R.L Lesson 1:Part 3

Source: Deep Learning on Medium


1.0 Introduction

From the Graph above it is evident that in our field of work data and accuracy are very important for us. Deep networks give us better accuracy with the limited amount of data.

We will talk briefly about neural networks here in this lesson. Neural Networks form the basis of deep networks and deep networks are part of every single machine learning algorithm that we use in our application these days including O.C.R, Machine Translation(My favorite), object classification and detection in photographs(used by Facebook), Automatic game playing Etc,Etc and I can keep going.

The easiest way to define Neural networks is neural networks are black box function Approximator.

A neural network is a black box in the sense that while it can approximate any function, studying its structure won’t give you any insights on the structure of the function being approximated.

Two years back I wrote my first neural network using only mathematical python libraries writing all the formulas step by step. If you want to understand how neural networks work best practice is to write the code without using sci-kit learn or tensor flow. It took me 3 day and nights(i could barely sleep, eat) to complete that small piece of code and took help from StackOverflow/DataScience to improve my model accuracy which is the most important part and in the end, it boils down to how accurate your model is.

1.1 XOR Gate

we will take an example of XOR gate and try to approximate the function

XOR Function
The truth table for XOR gate

I just hope you are using a Linux machine and not a windows machine.

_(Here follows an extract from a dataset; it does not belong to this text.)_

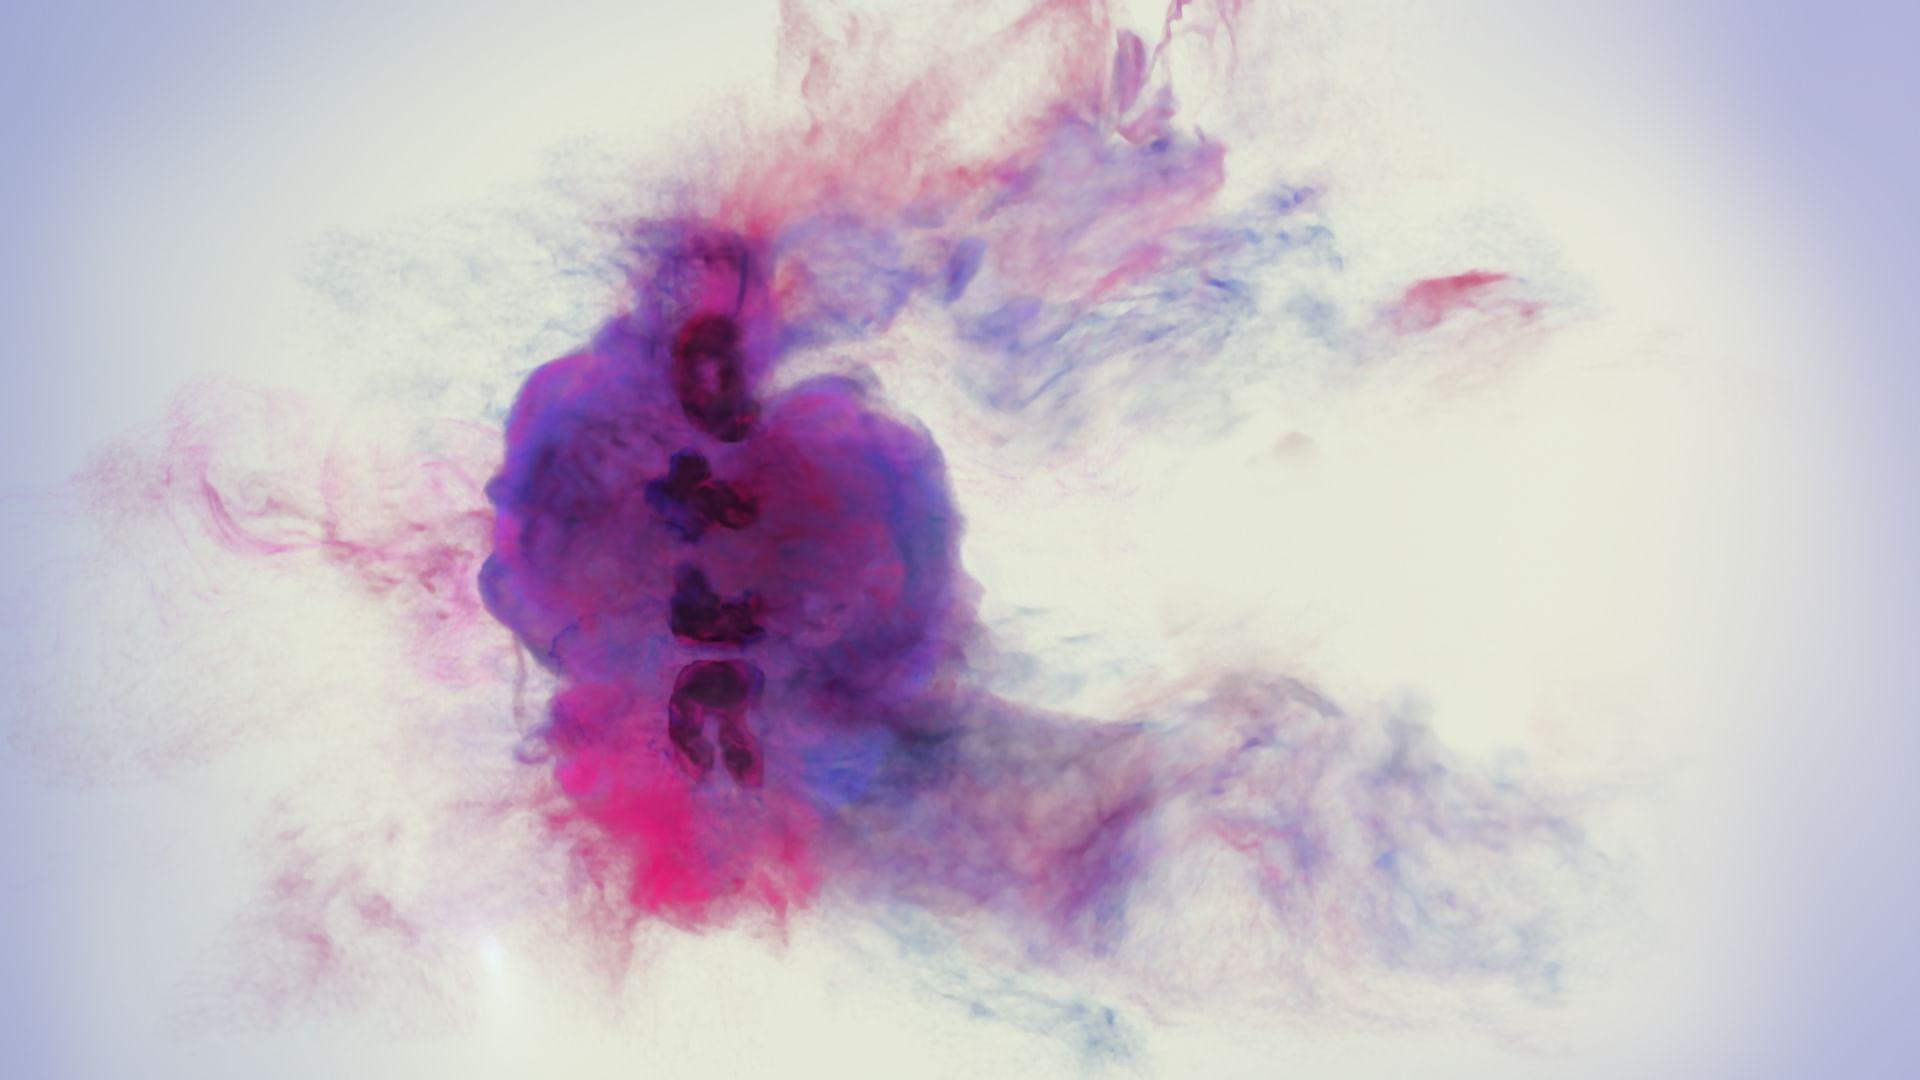 Bienvenue dans l'antre du metal

Copy paste this code once you understand, read the comments carefully. since I explained logistic regression in the last lesson I would not explain the code again.

here we have a simple example of XOR gate, we will approximate the xor function.
import numpy as np
import pandas as pd
#initializing the inputs which is a truth table for xor gate and ‘y’ is the output of truth table
#row of the ‘x’ means the number of examples we have in a neural network
#no. of columns mean,the number of features we have.
#’x’ is a (4,2) matrix,means 4 examples and two features.
x=np.array([[0,0],[0,1],[1,0],[1,1]])
y=np.array([[0],[1],[1],[0]])
#’seed’ so that random weights donot change everytime the program runs.
np.random.seed(0)
# Optional, but a good idea to have +ve and -ve weights
theta1=np.random.rand(2,8)-0.5
#8 neurons in our hidden layers or we can also call them features.
theta2=np.random.rand(8,1)-0.5
# Necessary — the bias terms should have same number of dimensions
# as the layer.
b1=np.zeros(8)
b2=np.zeros(1)
alpha=0.01
#’lamda’regularization term to prevent overfitting,not neccessary for this example though.
lamda=0.001
# More iterations than you might think! This is because we have
# so little training data, we need to repeat it a lot.
for i in range(1,40000):
z1=x.dot(theta1)+b1
h1=1/(1+np.exp(-z1))
z2=h1.dot(theta2)+b2
h2=1/(1+np.exp(-z2))
#This dz term assumes binary cross-entropy loss
dz2 = h2-y
# You could also have stuck with squared error loss, the extra h2 terms
# are the derivative of the sigmoid transfer function.
# It converges slower though:
# dz2 = (h2-y) * h2 * (1-h2)
# This is just the same as you had before, but with less temp variables
dw2 = np.dot(h1.T, dz2)
db2 = np.sum(dz2, axis=0)
dz1 = np.dot(dz2, theta2.T) * h1 * (1-h1)
dw1 = np.dot(x.T, dz1)
db1 = np.sum(dz1, axis=0)
# The L2 regularisation terms ADD to the gradients of the weights
dw2 += lamda * theta2
dw1 += lamda * theta1
theta1 += -alpha * dw1
theta2 += -alpha * dw2
b1 += -alpha * db1
b2 += -alpha * db2
input1=np.array([[0,0],[1,1],[0,1],[1,0]])
#here input matrix is the input for the xor gate
z1=np.dot(input1,theta1)+b1
h1=1/(1+np.exp(-z1))
z2=np.dot(h1,theta2)+b2
h2=1/(1+np.exp(-z2))
print(h2)
#output for input1 for XOR gate is
#[[ 0.01031446]
# [ 0.0201576 ]
# [ 0.9824826 ]
# [ 0.98584079]]
# which is approx [0,0,1,1]

I have explained the code with comments like it was written for a 5-year-old, so I’m guessing everyone understands it.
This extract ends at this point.